Golden State thought that they had found a superstar who would be with the team for many years to come. But, after just one season in the Bay Area, an unhappy Webber wanted to play elsewhere due to clashing with head coach Don Nelson.
The Warriors ended up trading Webber to the Washington Bullets (now Wizards) for forward Tom Gugliotta and three future first-round draft picks.
With Webber out of the picture, the Warriors failed to make a postseason appearance for another 13 years.
4. Charles Barkley
Barkley was frustrated with his Philadelphia 76ers, a team that wasn't going anywhere.
After demanding a trade out of Philly, the Dream Team power forward was dealt to the Phoenix Suns in the summer of 1992 for Jeff Hornacek, Andrew Lang and Tim Perry.
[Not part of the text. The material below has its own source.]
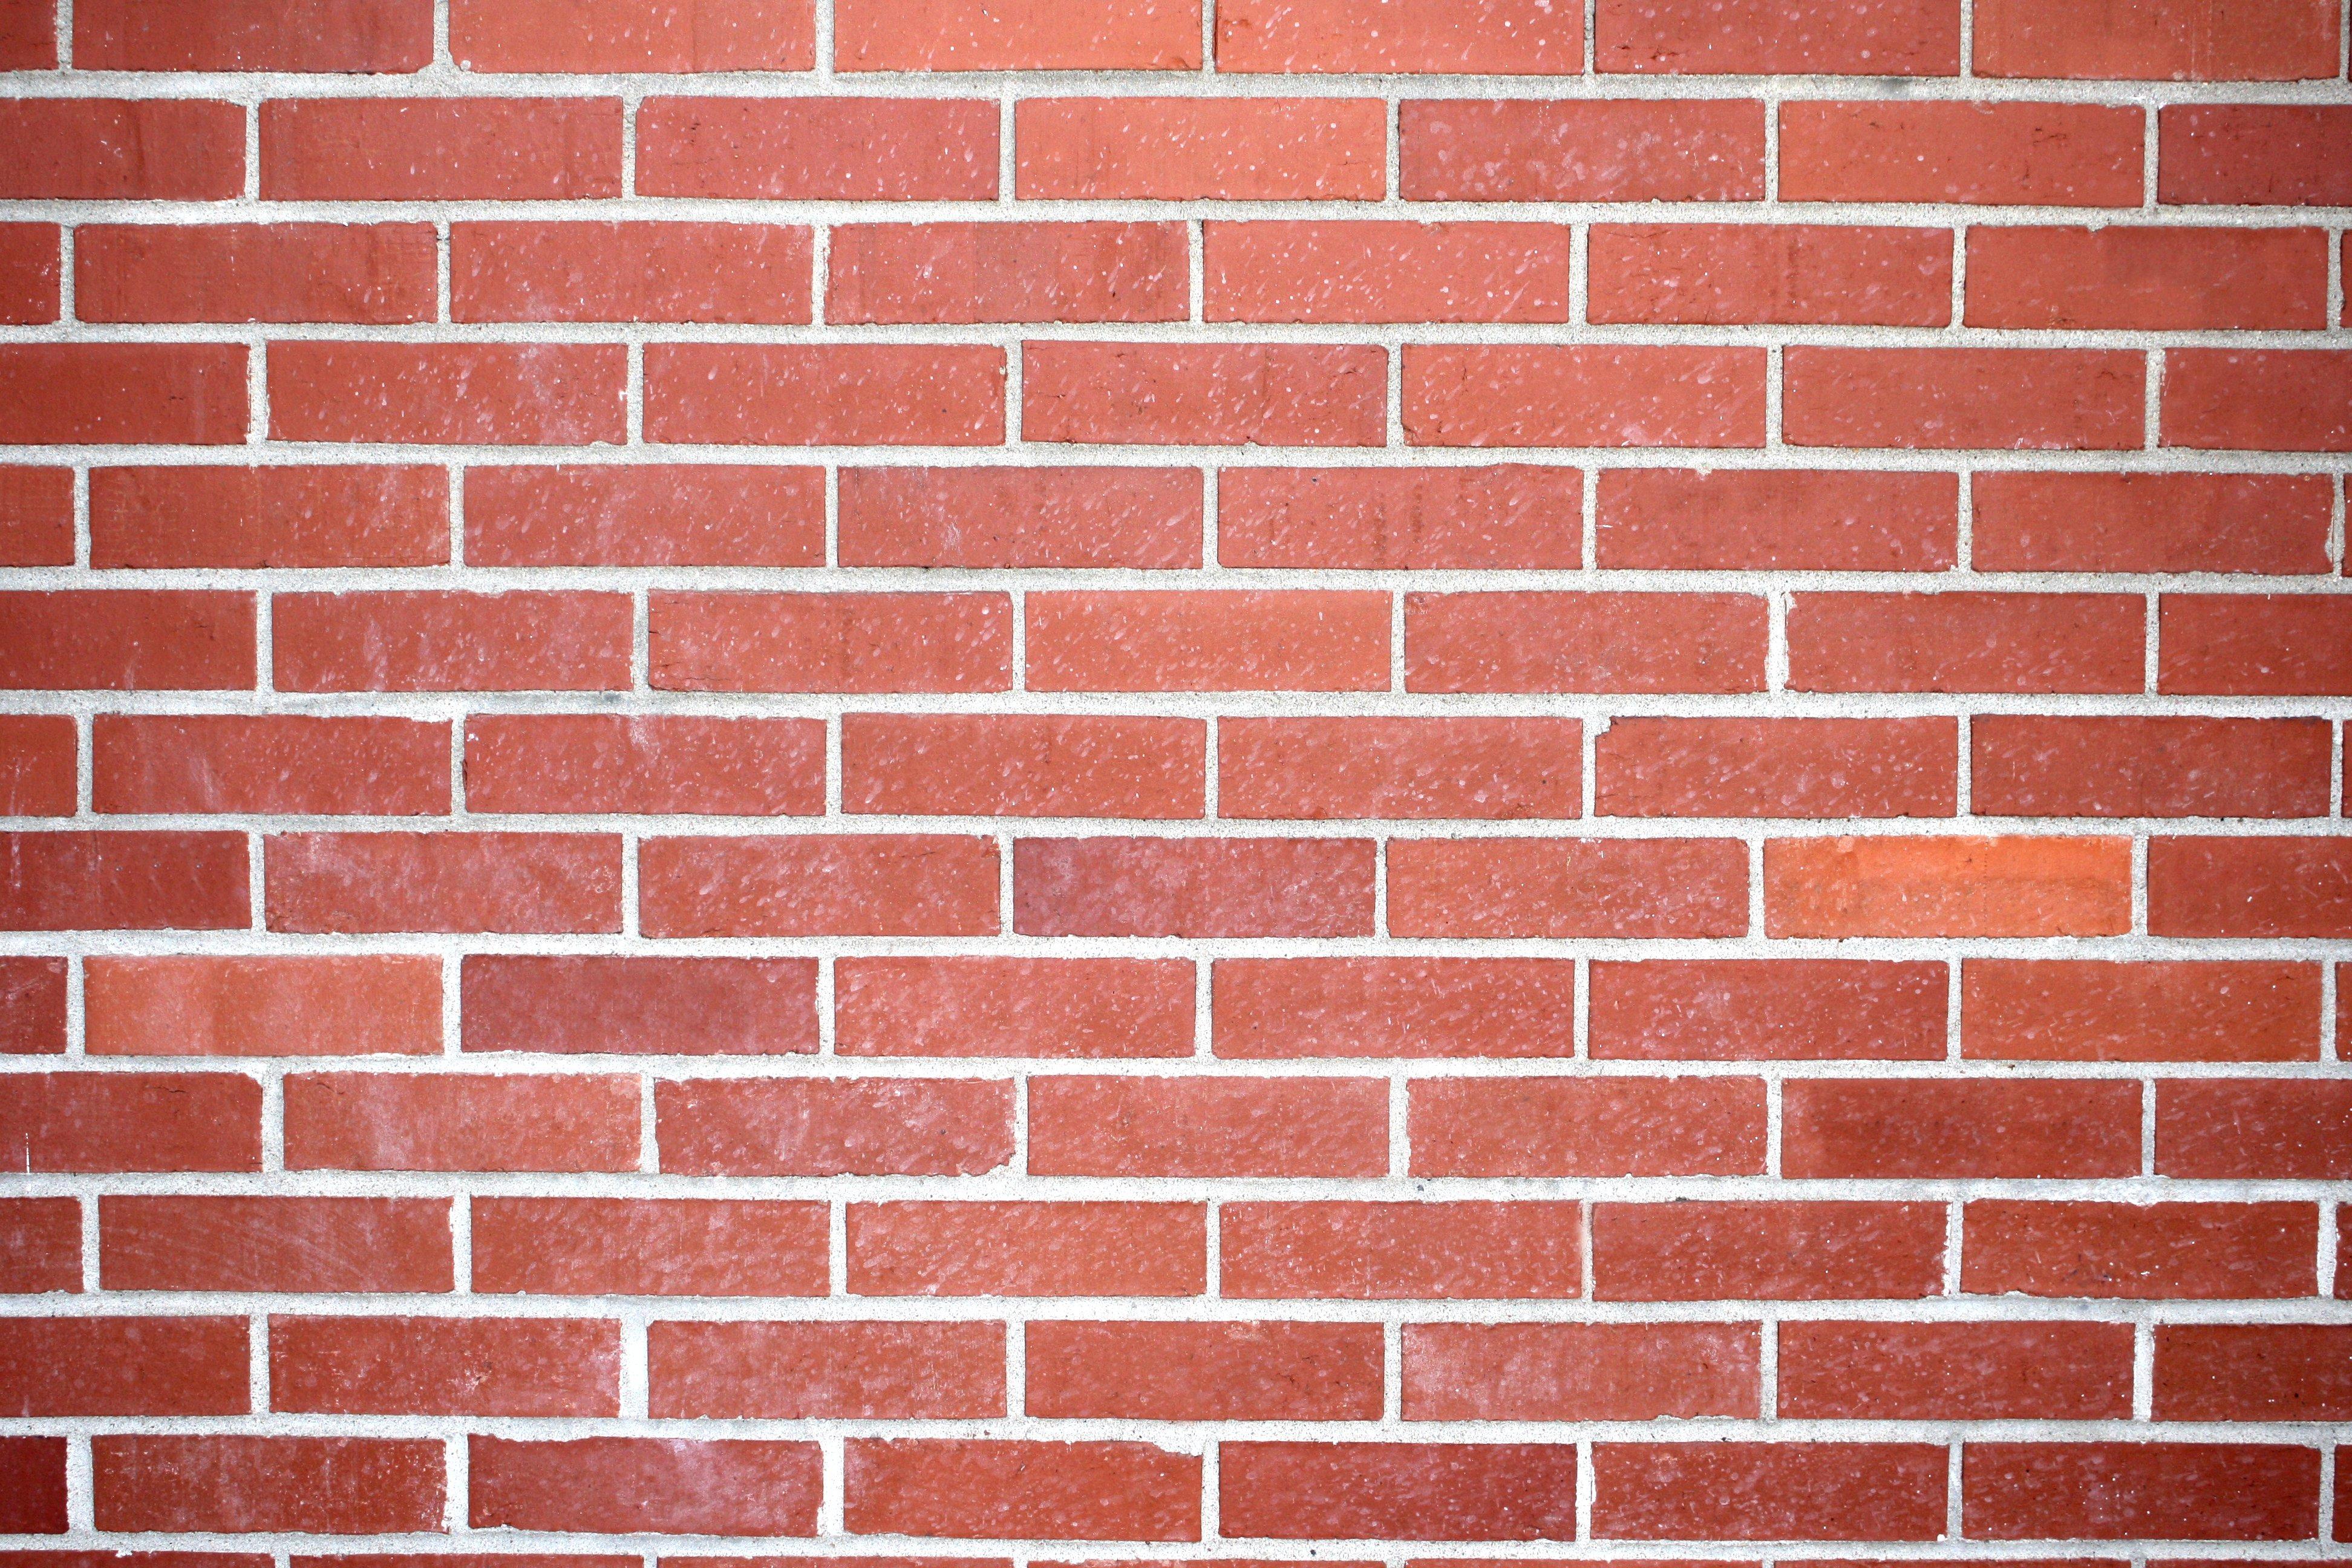 Brick-Google-Search-wallpaper-wpc9203210

Barkley was instantly a hit in Phoenix, leading the Suns to the league's best record in 1992-93 and a trip to the NBA Finals. Also, that season, he won the only regular-season MVP award of his Hall of Fame career.
3. Wilt Chamberlain/Kareem Abdul-Jabbar
Wilt and Kareem appear on the same slide because they have a few things in common. They both are undoubtedly two of the top three greatest centers in NBA history and are both Laker legends.
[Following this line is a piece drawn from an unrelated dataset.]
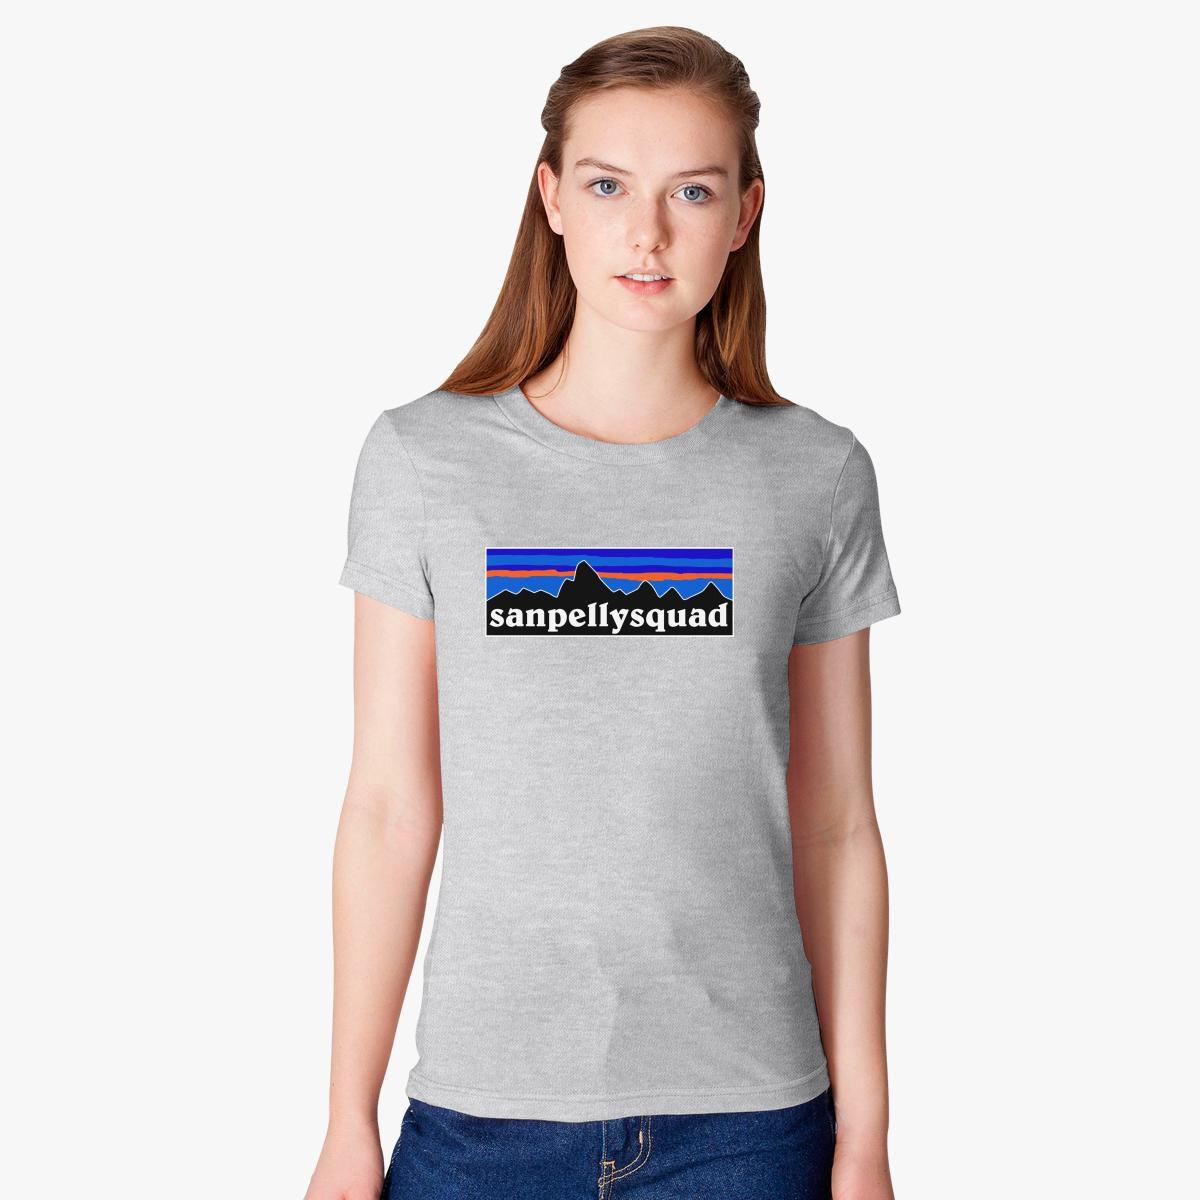 SANPELLYSQUAD FULL LOGO Women's T-shirt

In addition, both players demanded trades so that they could live in glamorous Hollywood.
The Philadelphia 76ers dealt Chamberlain to the Lakers in 1968 as he formed a memorable trio with fellow Hall of Famers Jerry West and Elgin Baylor.
And in 1975, Abdul-Jabbar was traded from the Milwaukee Bucks to the Lakers in one of the most lopsided deals ever.
2. Kobe Bryant
In 2007, Bryant demanded a trade from the Lakers because management was failing to surround him with a championship caliber team. Nope, a supporting cast of Smush Parker, Kwame Brown and Brian Cook just didn't excite him very much for some reason.
The Chicago Bulls were considered the front-runner to land Bryant since their roster was filled with young talent to rebuild around.
Bryant came close to being shipped to the Detroit Pistons in a deal for Rip Hamilton and Tayshaun Prince, but he nixed the trade and remained in L.A.
A few months later, the Lakers acquired Memphis Grizzlies All-Star big man Paul Gasol, who later helped Kobe and co. win back-to-back titles in 2009 and 2010.
Bryant is currently happy to be sporting the purple-and-gold and will most likely retire as a Laker.
1. Carmelo Anthony
The Carmelo Anthony situation this season has been one of the weirdest situations in recent memory.
After not signing a $65 million extension with the Denver Nuggets, 'Melo's name has been involved in trade talks all season.
One day he's headed to Chicago and the next, he's going to land in New York.
For a while, it appeared as if Anthony was going to become a New Jersey Net until their owner finally pulled out of the running.
Will Anthony be traded by this month's deadline? Will he sign that extension with Denver? Or will he become a free agent this summer and sign somewhere else?
It will certainly be fun to see how this plays out.